Hi, I am testing the accuracy lost due to quantization on Mobilenet V2 1.0 224 pretrained model, provided on Google's github.

I can reproduce the claimed accuracy on full imagenet-1k validation dataset on both CPU & GPU run-time, but it is not working on DSP/AIP run-time with both run-time quantization and post training quantization(by snpe-dlc-quantizer).

Top-1 Accuracy I got on CPU is 0.7184, on GPU is 0.7146, and on DSP is 0.01348 which is totally meaningless.

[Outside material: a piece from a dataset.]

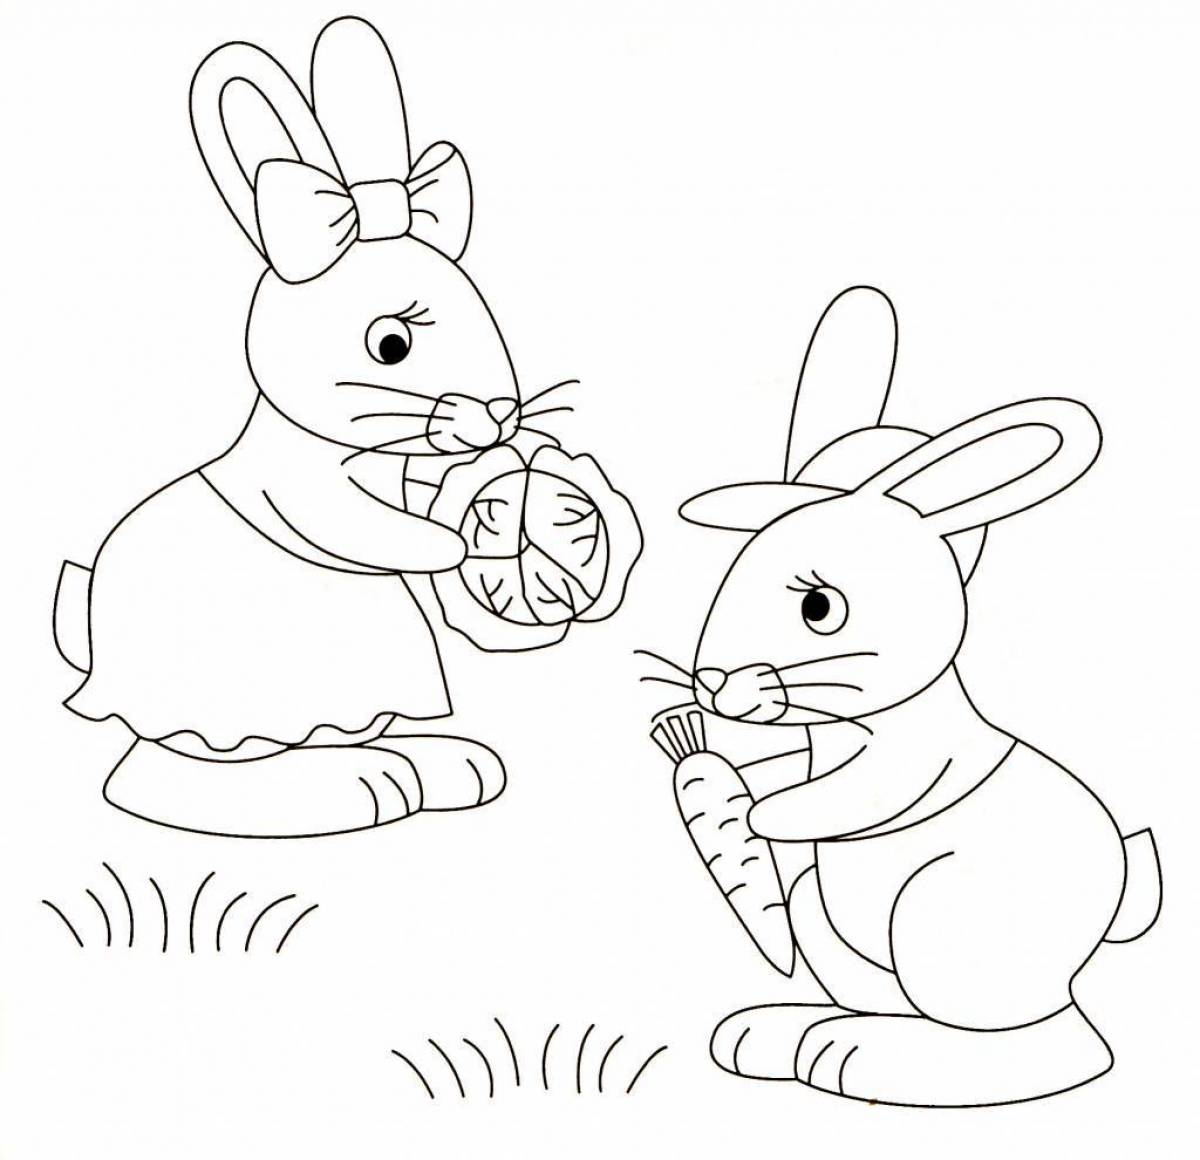 Увлекательная игра-раскраска кролика

and... If I am using the quantized model on GPU run-time, I got almost same result. I guess there might be some issue on input or output preprocessing, but I cannot find any detail on doc. 

For all the benchmark, I am using the same pre-processed dataset (a series numpy saved file). 

Here is the log when I am doing quantization. It successfully extract the range of the input data, and I dont see anything weired.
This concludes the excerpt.